I'm looking to update my 70d, which is usually used for my video work, but now that I've updated my pc, I want to get a good 4K video camera.
I'm looking at an XC10 or one of the XF400 cameras. That's the sort of budget I have.
I don't do lots of professional work, but I do a few weddings, corporate events and also like to video birds and my cats!
My pro videos almost always have dubbed sound, so I don't need the XC15.

I really like the form factor of the XC10, but could be swayed.
What do the users of the XC10s and 15s think of them? I'd love to hear your thoughts as some stuff I've read about them says they're rubbish and other reports from users say they're fantastic.
I'm not doing high-end videos but I'd like to offer good 4k content to some of my corporate clients that would be happy to pay extra for it too. 
I would generally be using it in auto or semi-auto modes.


----------



## ethanz (Aug 28, 2018)

Does the XC10 have DPAF? I didn't see it. That would be sorely missed. 

The 1dx2 is great for 4K video. Not sure yet about the 5d4 (trying it this weekend).


----------



## Bennymiata (Aug 29, 2018)

It does have DPAF and tracks pretty well too.


----------



## Mt Spokane Photography (Aug 29, 2018)

Be sure to look at Sony cameras too. That's one area where Sony shines. You see Sony video cameras wearing Canon lenses at sports events.


----------



## Bennymiata (Aug 29, 2018)

The problem is that I don't like Sony colours much.
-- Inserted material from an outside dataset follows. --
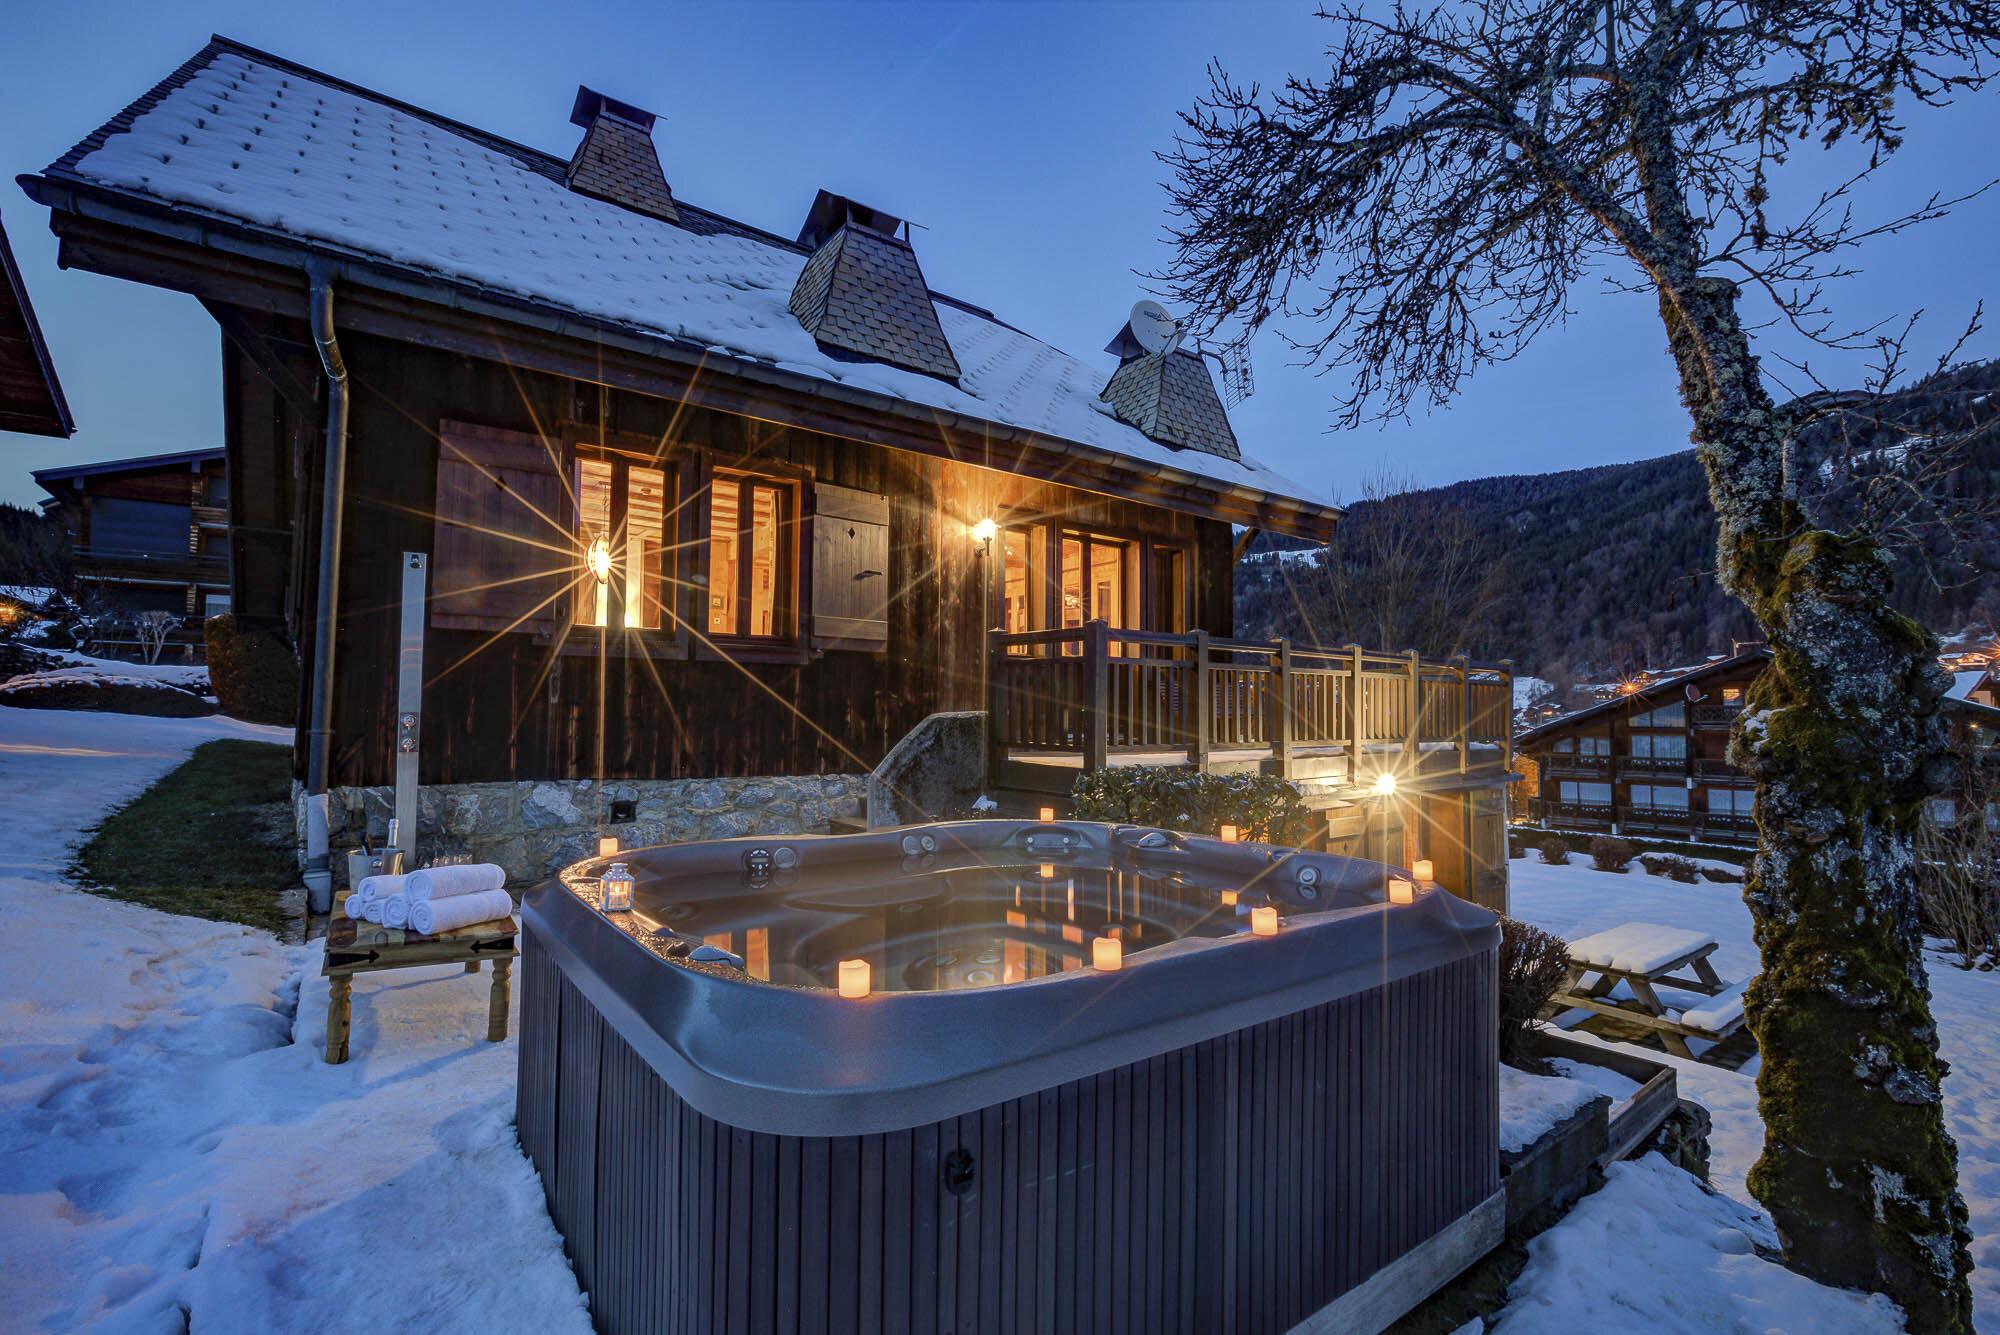 tg-ski-chalet-du-bois-morzine-019.jpg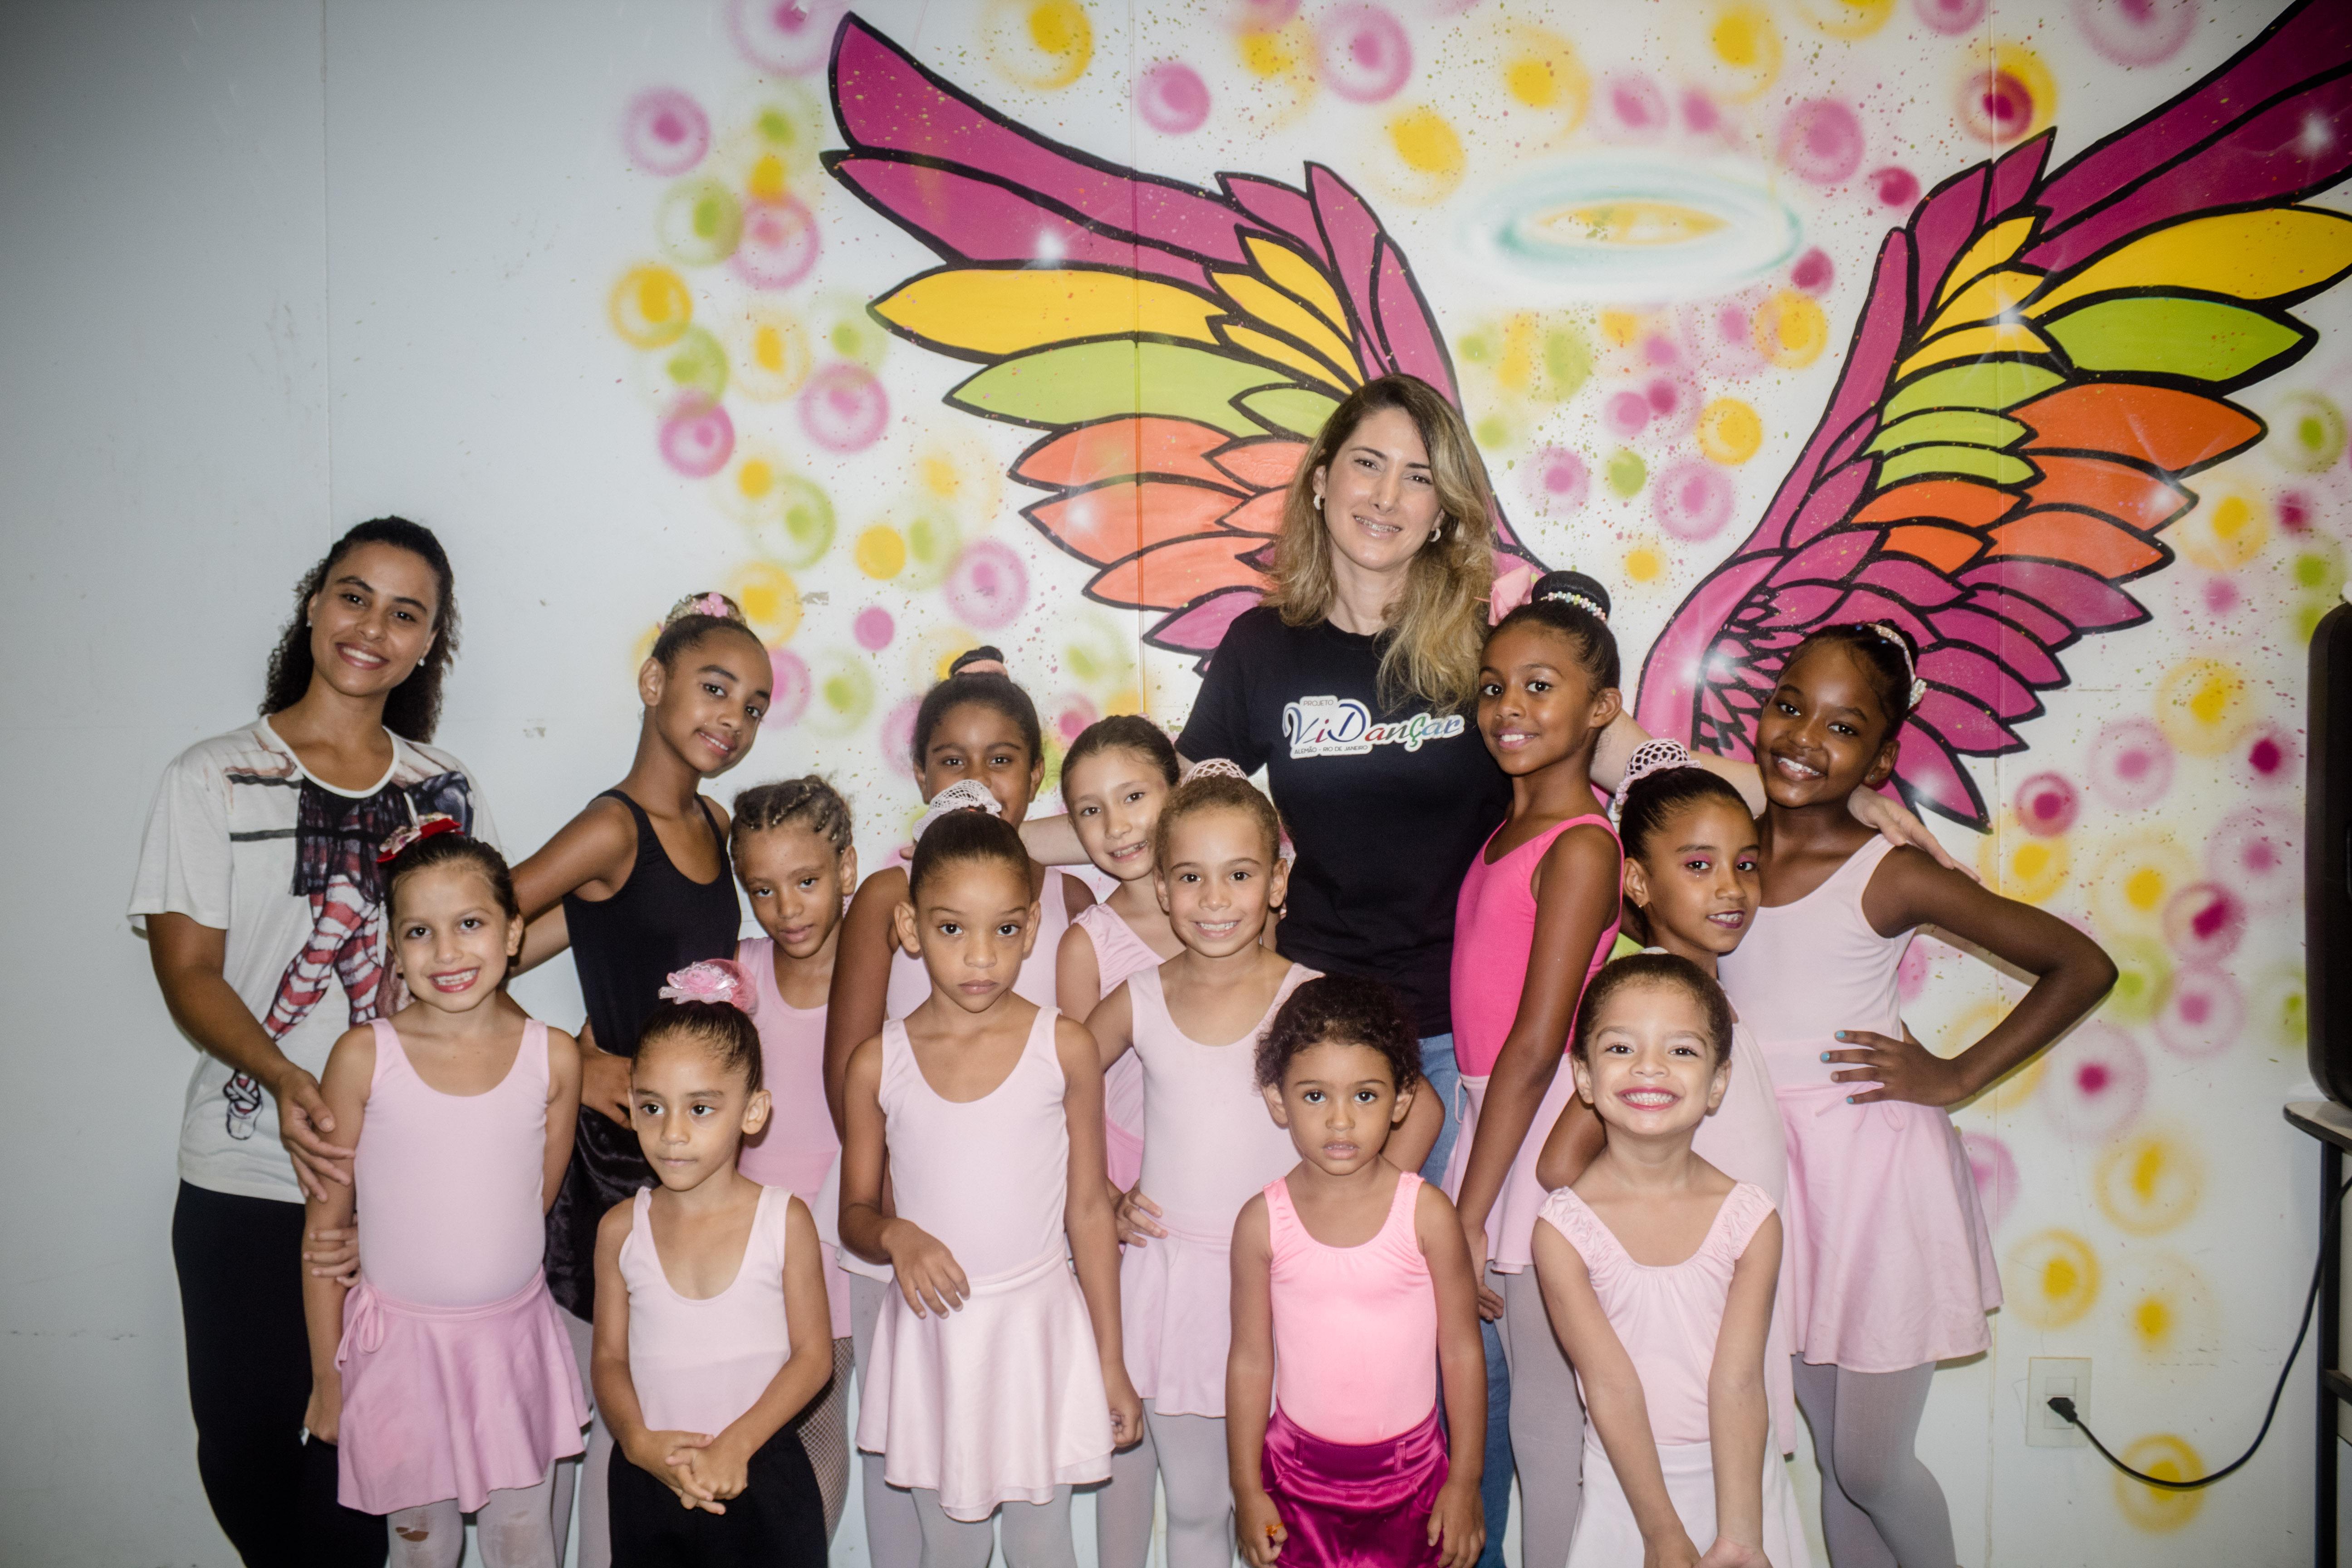 Bailarinas do ViDançar são aprovadas no Theatro Municipal, mas projeto corre risco de acabar

I currently have a Sony HD camera, and I prefer using my 70d or my M5 as the video files look so good.
Mind you, my Sony is 5 years old, but the focussing and colours aren't so good, hence why I am keen to buy a Canon.

Spec sheets don't impress me much, just handling and the results impress me.

Any opinions on the XC10?


----------



## cinema-dslr (Sep 3, 2018)

compared to the M5 and 70d the xc10 will be a joy to use and the image quality will be good.
If you can get it cheap enough it's a nobrainer.
However a c100 upscaled to 4k will look better or just stay at 1080p .


----------